There also are limits on initial prescriptions: five days in most cases and 14 days following surgery. And the measure has various reporting requirements designed to keep patients from “doctor shopping.”

While testifying in support of the measure, Thompson, a pain management specialist, urged lawmakers to take care.

“We’re here in part because of well-meaning policy that was not well thought out,” he said. That started with making “pain” a vital sign, with people interested in the suffering of patients.

“And then creative marketing by drug companies created this problem,” Thompson said.

What concerns him is now the Legislature is creating yet more policies with the goal of saving lives.

“I want to make sure that we think this through, like we have with stakeholder meetings, and make sure what our policy here doesn’t have unintended consequences,” Thompson said.

The new regulations, particularly about what doctors can prescribe in pills and dosages, drew some concerns from Rep. Jay Lawrence, R-Scottsdale.

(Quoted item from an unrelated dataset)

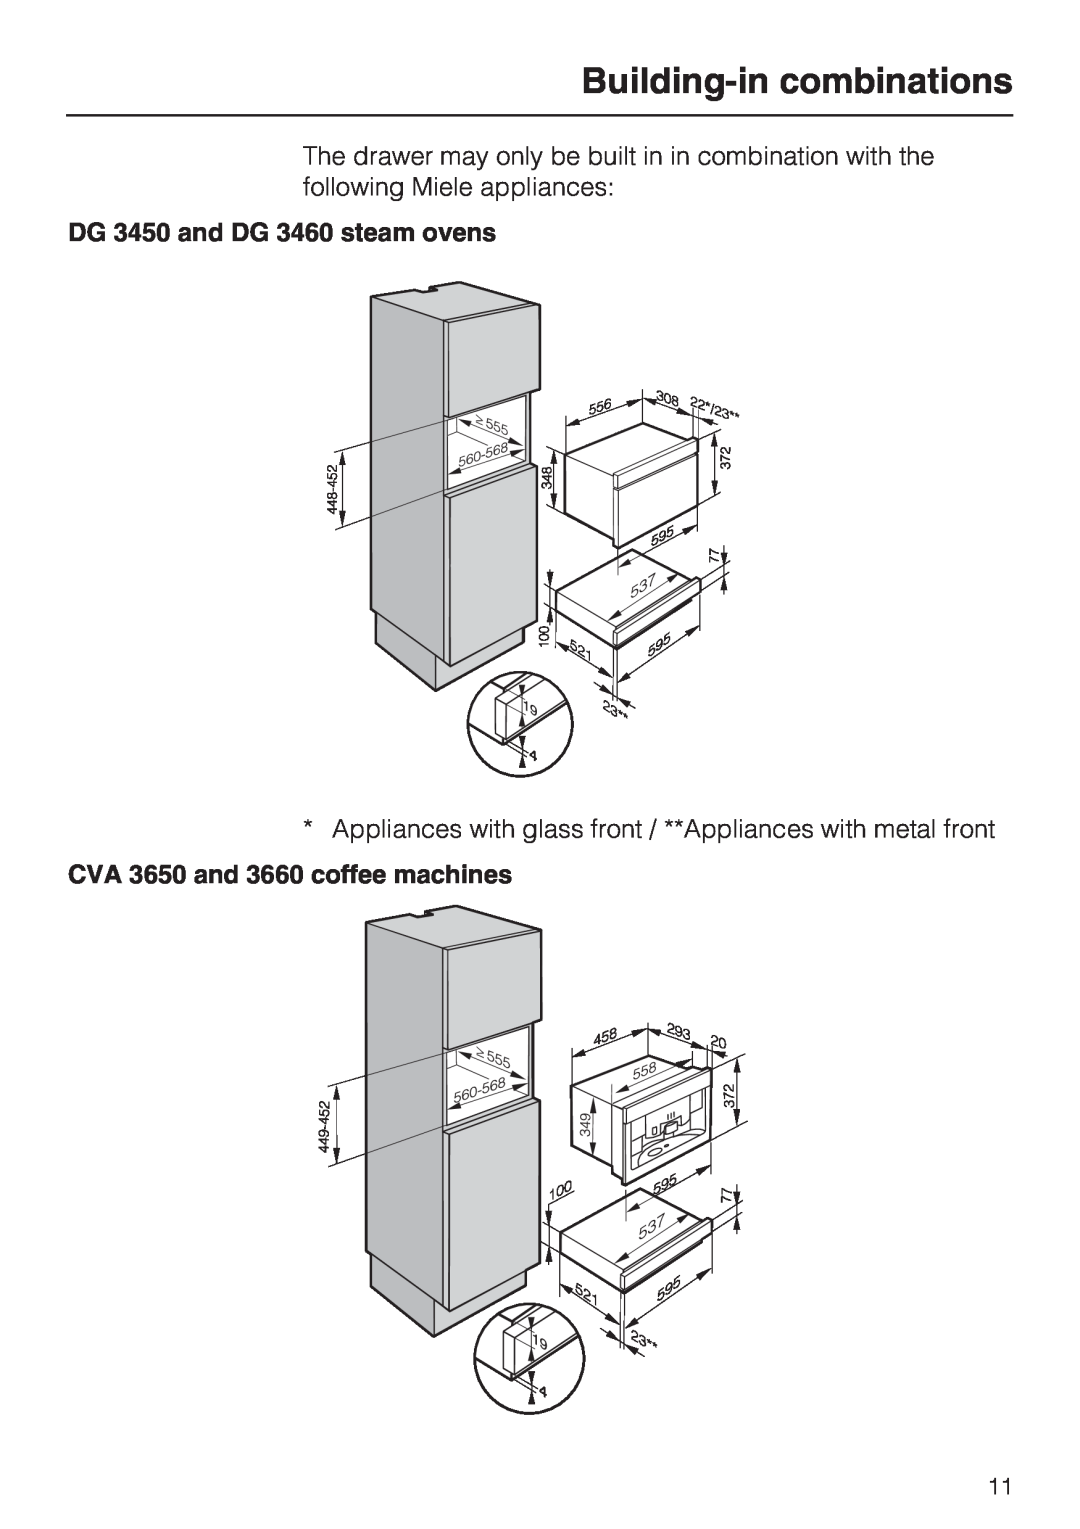 Miele ESS 3060-10 Building-incombinations, DG 3450 and DG 3460 steam ovens, CVA 3650 and 3660 coffee machines

“There’s no profession on this earth that wants to be regulated any more,” Thompson conceded. But he said there are “thought-out” exemptions that allow for doctors to prescribe higher doses, and for longer periods of time, in situations where that is necessary.

He said, though, that lawmakers also need to recognize that some of the problem started with the medical community.

“In the case of opiate management, I think there have been a contribution to our crisis of people who are not well enough trained in these drugs, did not have continuing medical education, and quite frankly didn’t see what they were creating,” Thompson told lawmakers. But even more basic than that, he said, doctors were “doing what they were taught.”

Lawmakers got a real-world story from Dawn Scanlon who told of her son, 17 at the time, shattering his elbow. After the surgery, the doctor gave him two 30-day prescriptions of of Vicodin, a drug that contains hydrocodone.

“It started a 10-year nightmare,” she said, with her son winding up in state prison. Now recovered, Scanlon said he has a felony record that makes getting a job and even an apartment difficult.

Such a 30-day supply for someone who had not been on opioids for the past 60 days would be prohibited under the legislation. But Rep. Regina Cobb, R-Kingman, questioned whether even that 14-day allowance following surgery was appropriate.

Cobb, a dentist, said a “surgical procedure” would include extracting a tooth. She wants the measure altered to provide a better — and narrower — definition of when a doctor would be able to prescribe that long a dosage.

Lawrence had concerns beyond the state getting involved in the physician-patient relationship. One involves the requirement that pharmacists must put opioids into bottles with a red cap.

That concerned Lawrence who said that people going through a home for sale have a tendency to look into medicine cabinets.

“I think there are too many instances where the red cap says, ‘Wow, I want that,’ ” he said.

Health Director Cara Christ said the red cap requirement is designed to make sure that patients realize this is a special drug that requires special attention. She told lawmakers that, ideally, people would keep them somewhere other than a medicine cabinet.

Christ acknowledged she knows of no other state with a similar requirement.

Tuesday’s vote sends the measure to the full House for debate, likely later Wednesday; an identical bill is also set for debate in a Senate panel today.

One comment

  1. This article points out how misguided our solutions continue to be. A “red cap” is not a solution. It is a waste of valuable time/resources. I question the lawmakers are the best people to control doctors. It is impossible to formulate laws that will provide the right solution to every situation. Instead, it seems that the profession should be responding with immediate ethics guidelines and immediate education requirements. The article mentions patient satisfaction as an inappropriate reason to prescribe, but fails to mention perhaps the most insidious: Insurance companies that reward doctors for keeping patient costs down. It is far cheaper to give a patient opioids than to fix the problem creating the pain. Doctors know that a medicated patient is a happy patient, who doesn’t demand as much care.